Soil: Daylilies prefer moist, average to rich, well-drained soil. They will tolerate poor soil, but won’t tolerate poor drainage.
Amendments & fertilizer: Daylilies benefit from a balanced fertilizer and appreciate some extra nitrogen in the spring. Fertilizing once or twice during the growing season (spring) and once in fall will encourage strong growth, larger bloom size, and winter hardiness.
Watering: They will perform best with consistent watering—about 1 inch per day. It is important to water plants regularly in spring when scapes and buds are forming and also while blooming.
Dividing: Sparse flowering can be a sign of overcrowding. Dig up and divide clumps every 3 to 4 years, or every 2 years for reblooming types. Dig them up in early spring before blooming or late summer after blooming. Cut or pull the crowns apart carefully and replant.
Pests & diseases: Although seldom bothered by pests, aphids, spider mites or thrips may attack flower buds or foliage. Slugs and snails can also be attracted to tender foliage. If daylily rust (a fungus that damages foliage) is a problem, you may want to consult a local nursery for rust-resistant types to grow in your area.
Deer & rabbits: Daylilies are usually safe from rabbits. However, they are a favorite of deer, so set up deterrents if needed.

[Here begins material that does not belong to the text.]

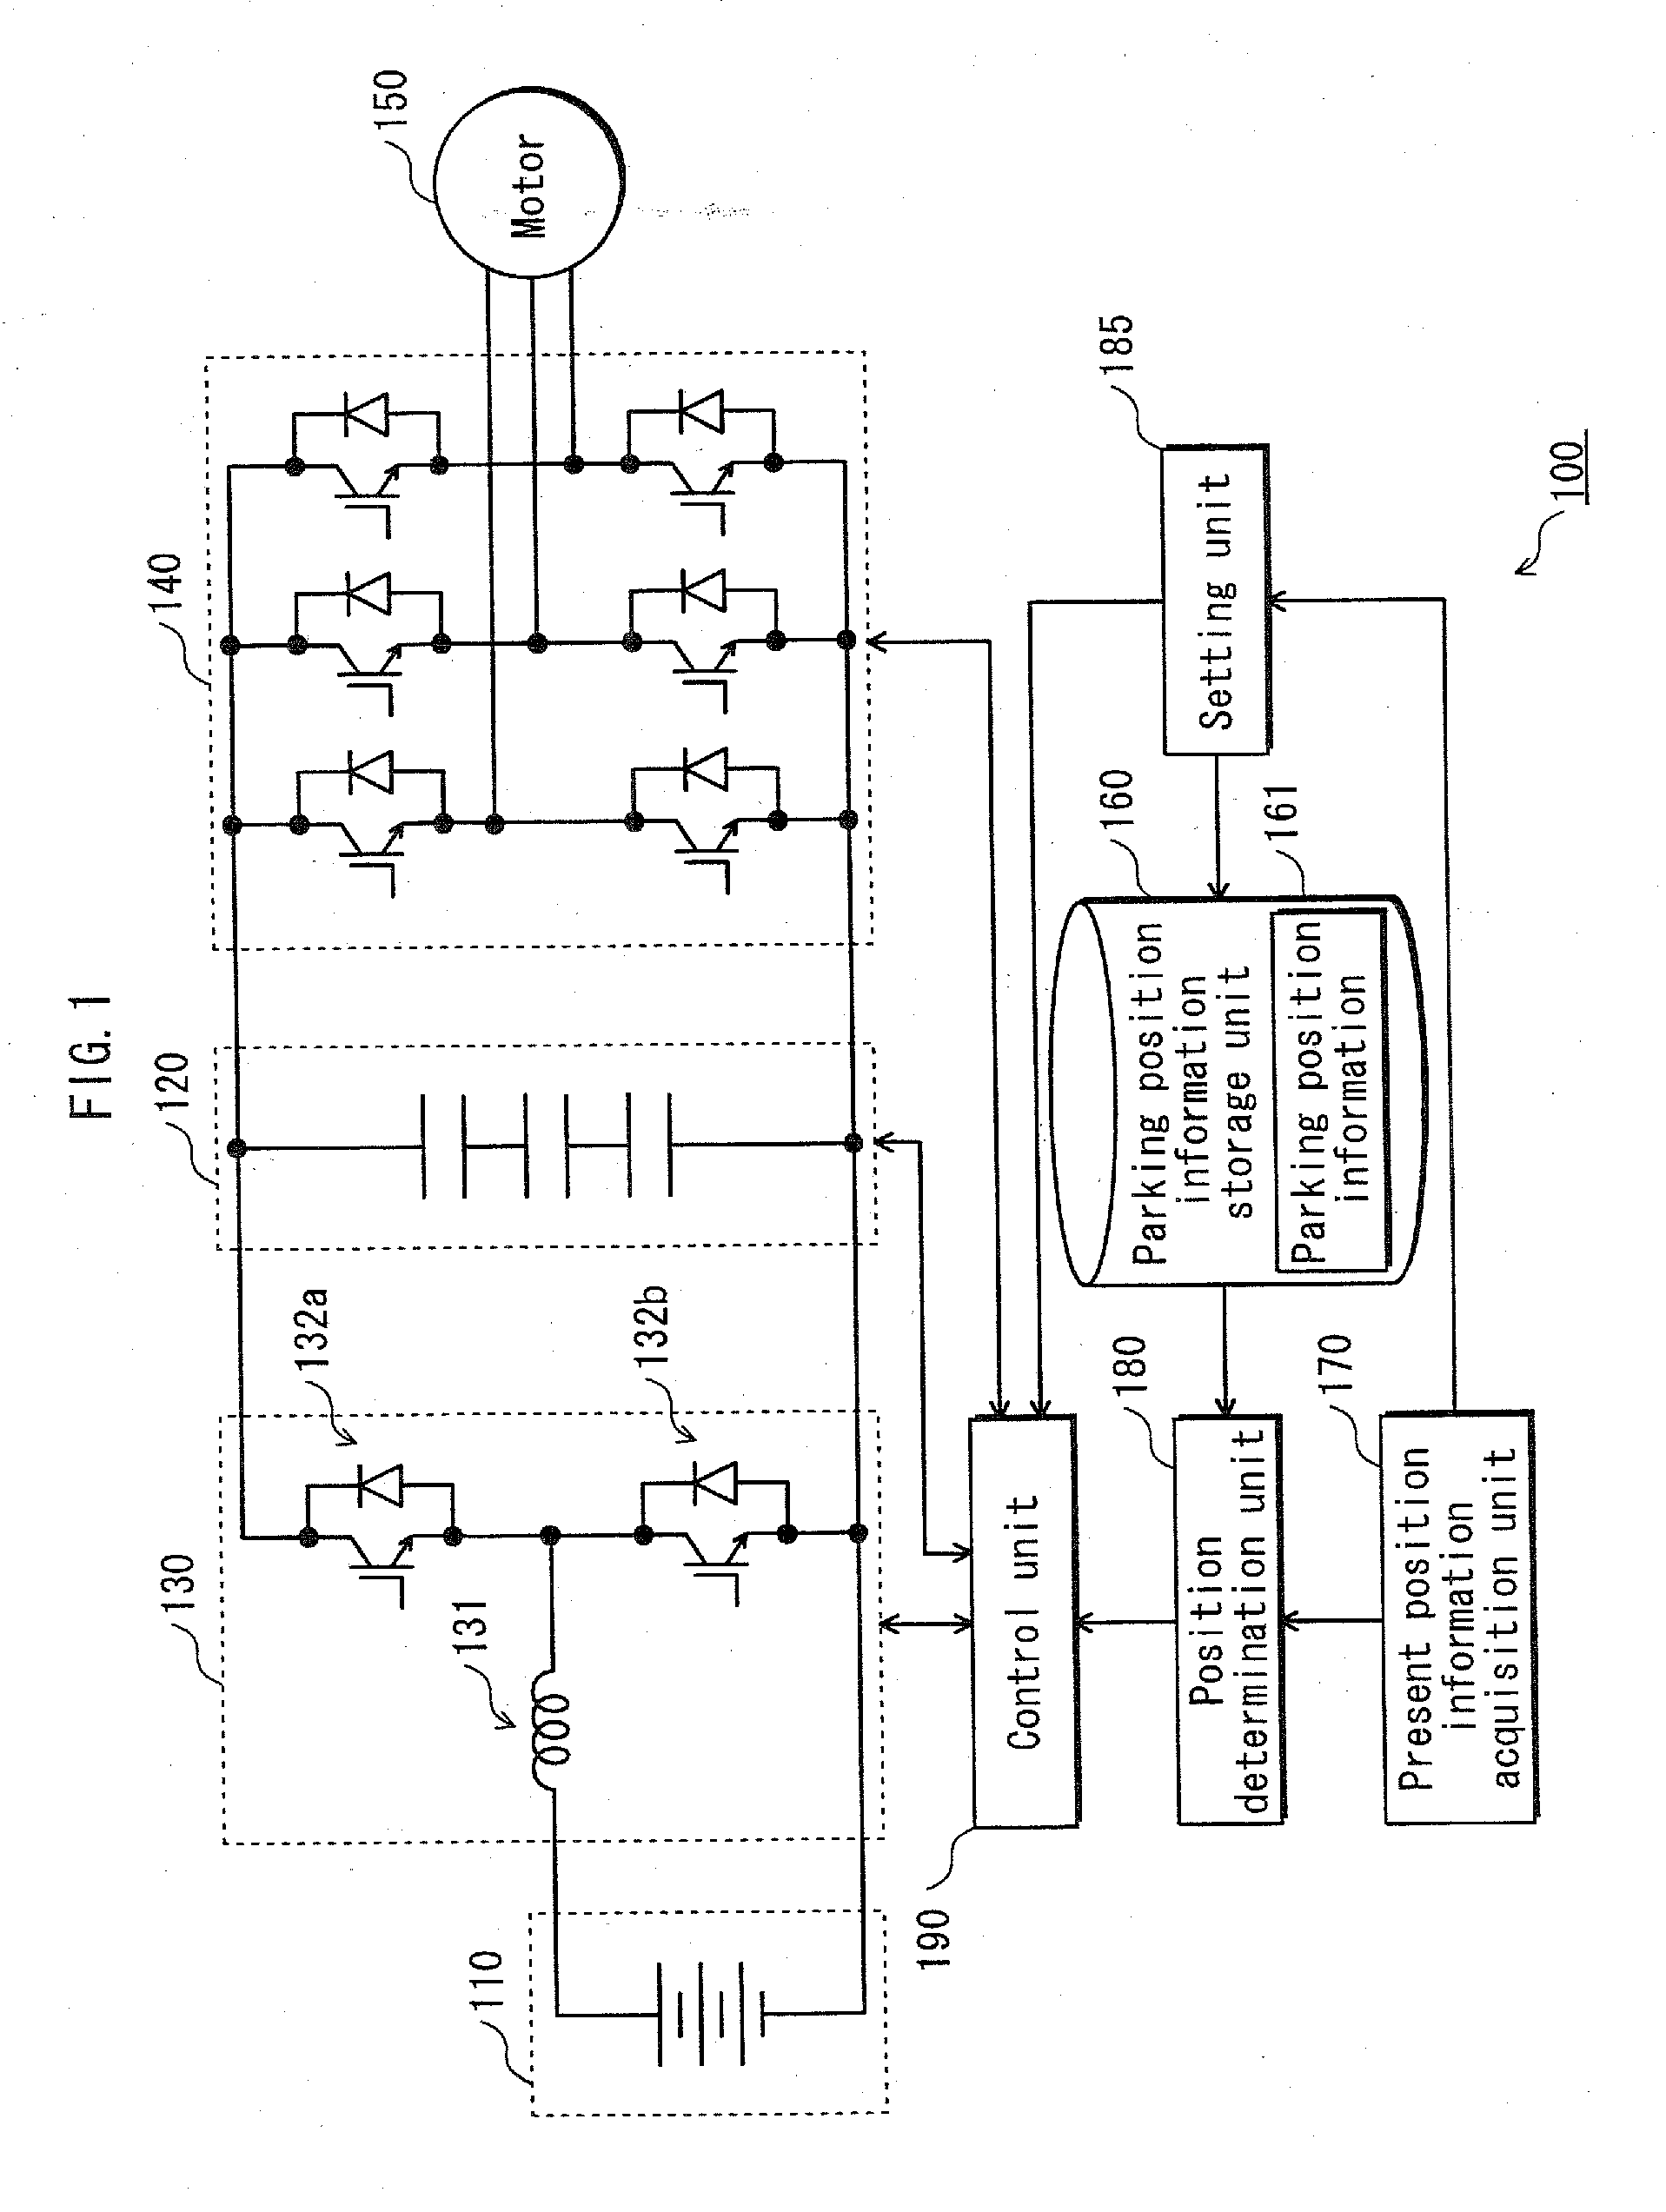 Vehicle control system and automobile

- Perfect choice for mass plantings, beds, borders, and meadow gardens.
- For beds or borders, use small-flowered minis at the front edge, large-flowered mid-height varieties in the middle, and long-stemmed spider types at the back.
- Small and mini varieties are well-suited for containers.
- Plant unusual, distinctive varieties up close where you can see them, on a porch or patio.
- Plant daylilies with other perennials, annuals, bulbs or shrubs like coneflower, iris, phlox, verbena, yarrow, Shasta daisy, black-eyed Susan, bee balm, or ‘Autumn Joy’ sedum.
- Use daylilies in cut flower arrangements. Individual flowers will only last a day, but buds along the scape will continue to open.